▶ **WHAT THIS TASK INVOLVES**
Exact reproduction is required for the lines below starting at the line with "Whey Pro-F Body Action - 900g" and ending at the line with "small bow basket crochet pattern", both included. No other lines, and no pictures.

▶ **RECORDS SHOWN**
*** Block opens ***

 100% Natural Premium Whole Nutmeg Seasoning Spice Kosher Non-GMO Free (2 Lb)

*** Block closes ***
*** Block opens ***

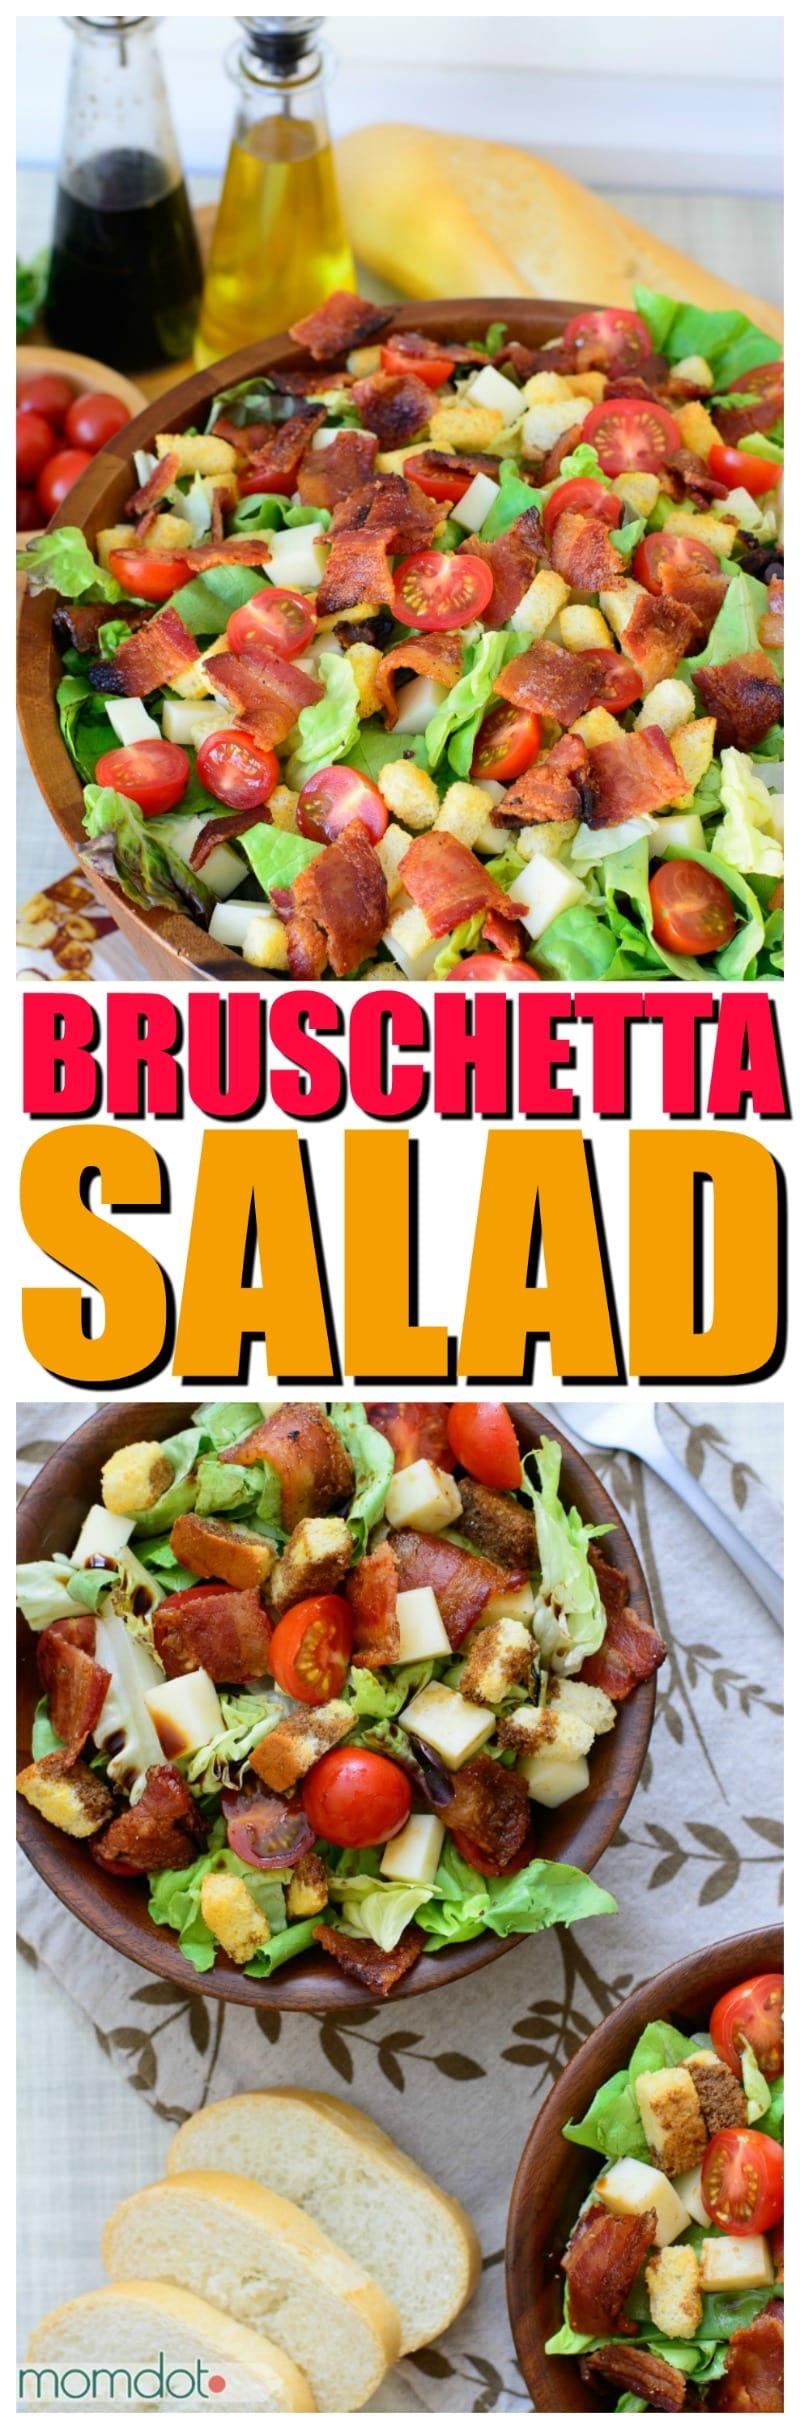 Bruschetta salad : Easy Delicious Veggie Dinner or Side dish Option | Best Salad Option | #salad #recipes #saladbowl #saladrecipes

*** Block closes ***
*** Block opens ***

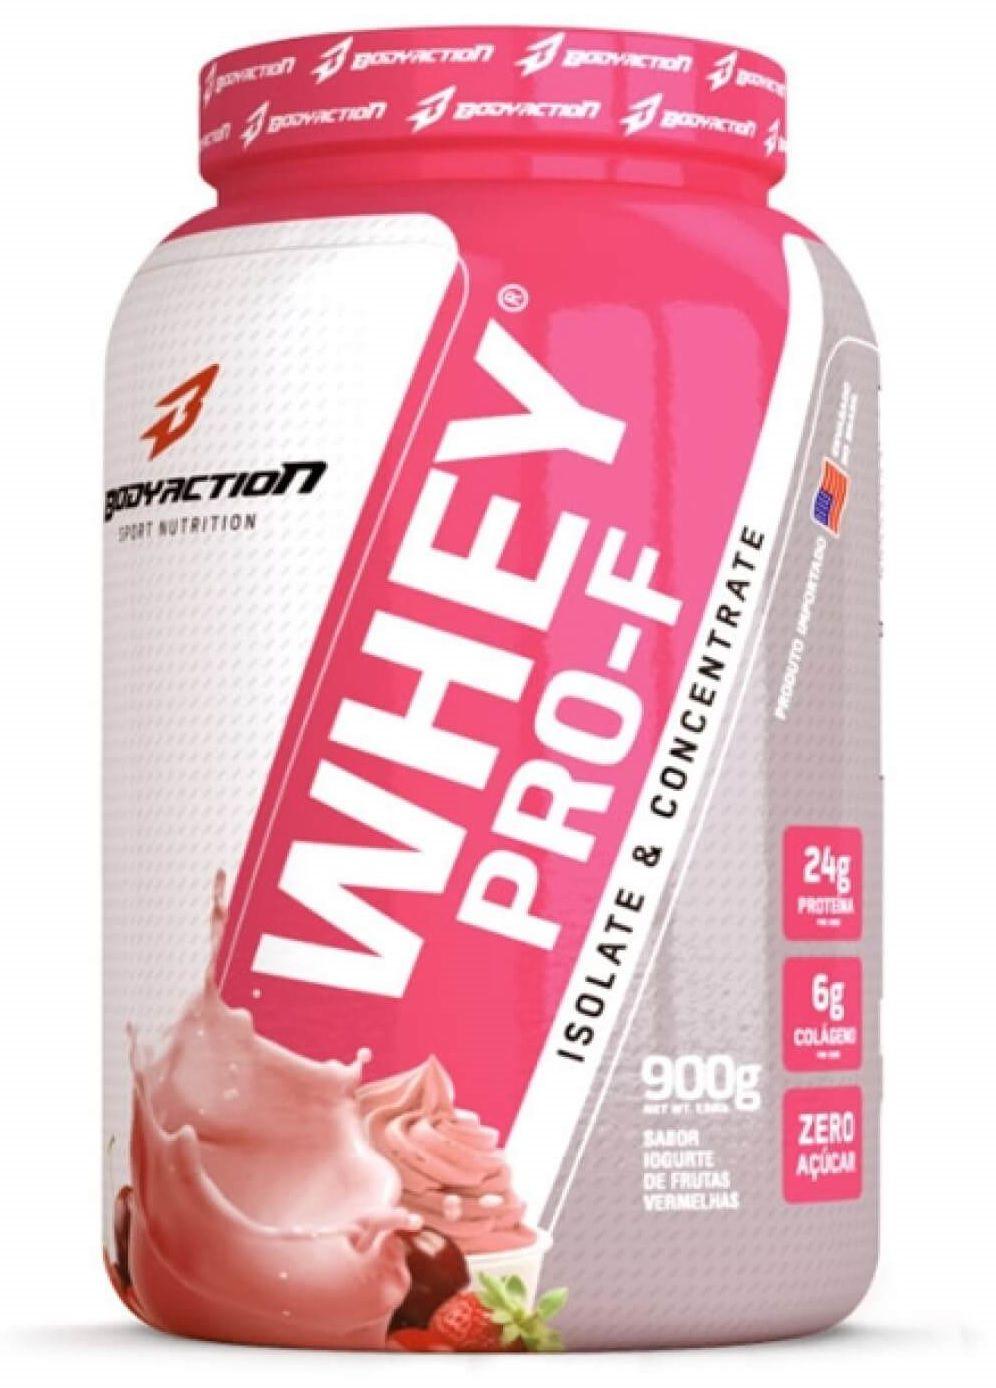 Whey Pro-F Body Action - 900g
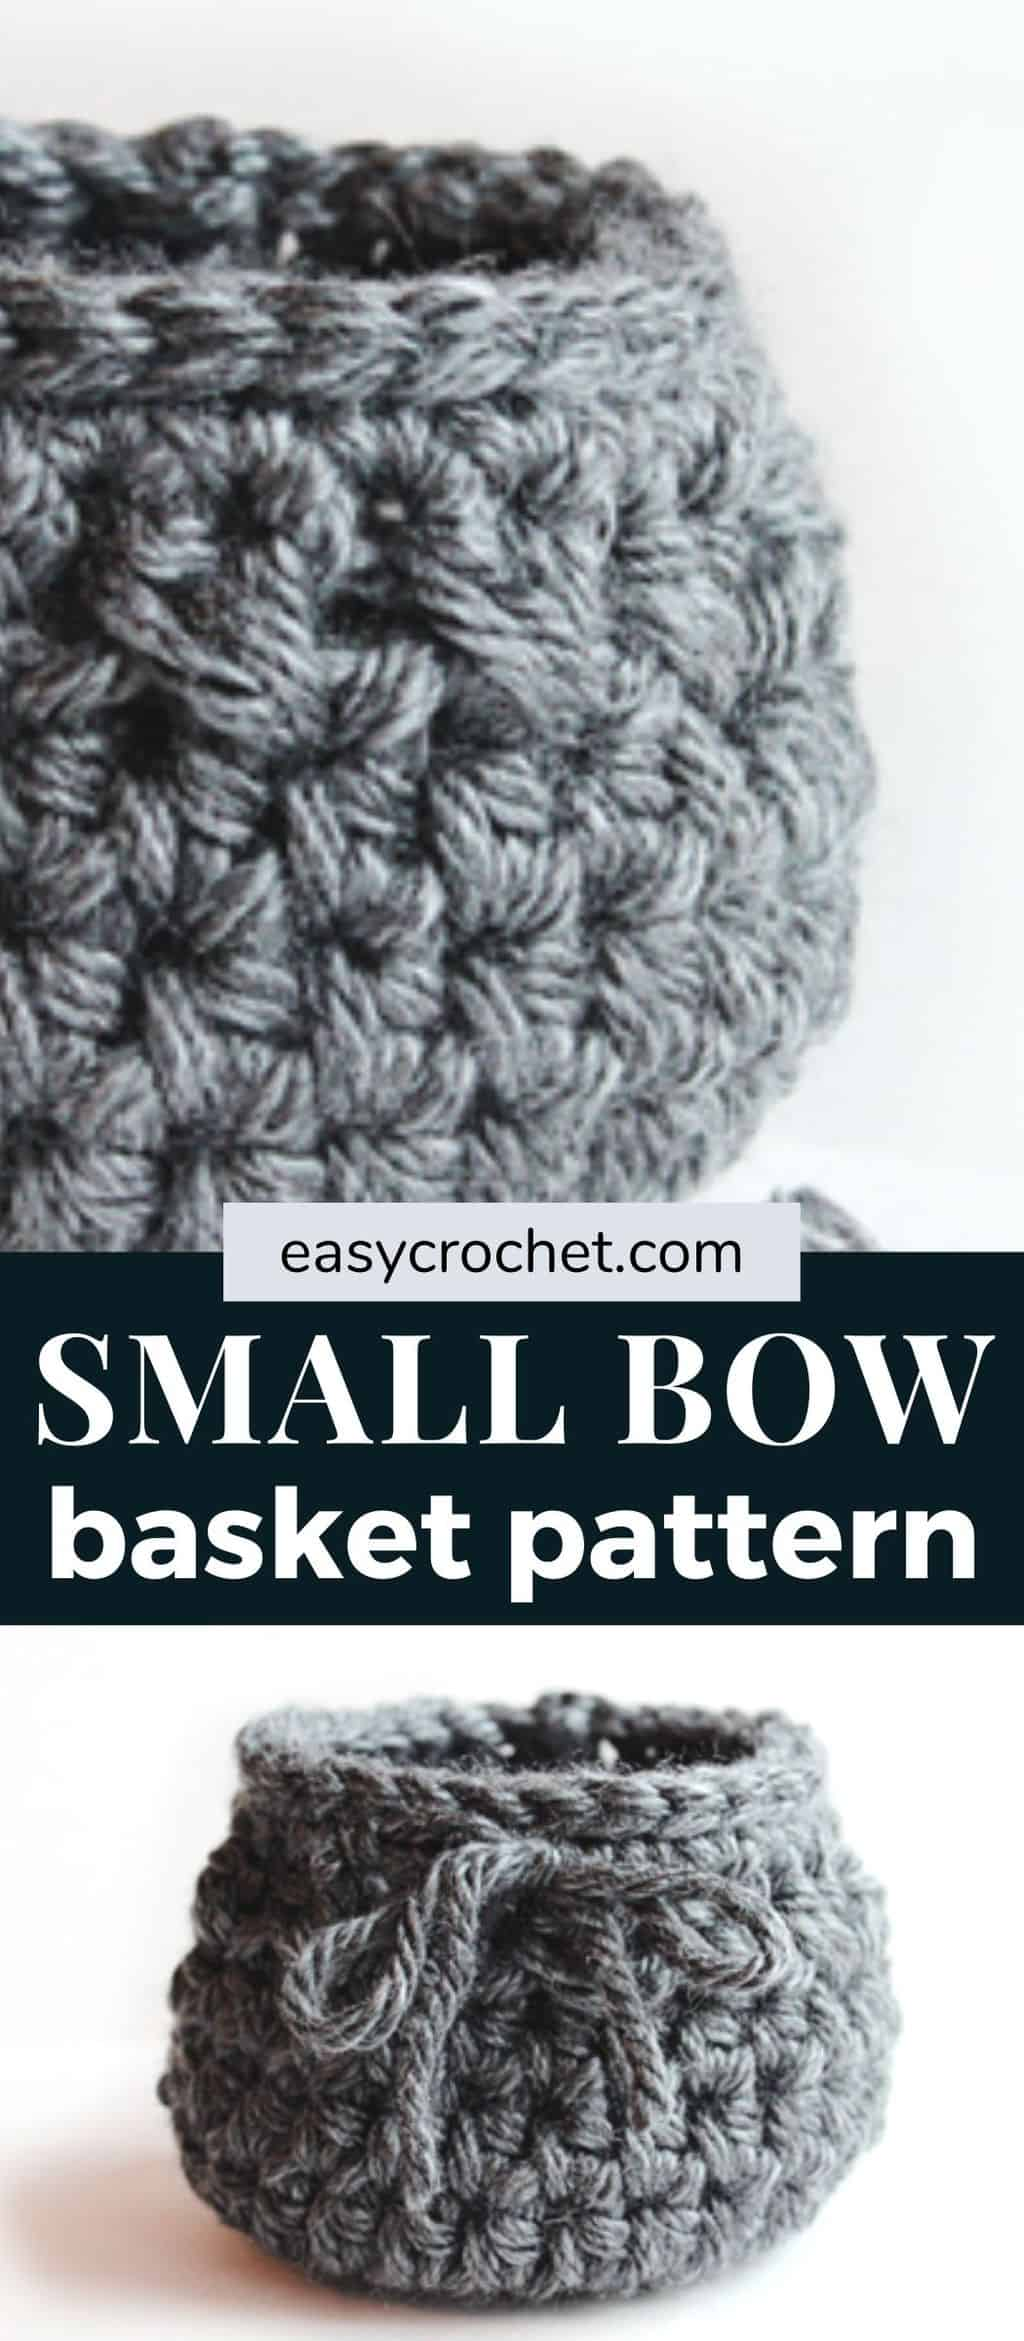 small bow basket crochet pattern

*** Block closes ***

▶ **SOLVED EXERCISE**
 Whey Pro-F Body Action - 900g
 small bow basket crochet pattern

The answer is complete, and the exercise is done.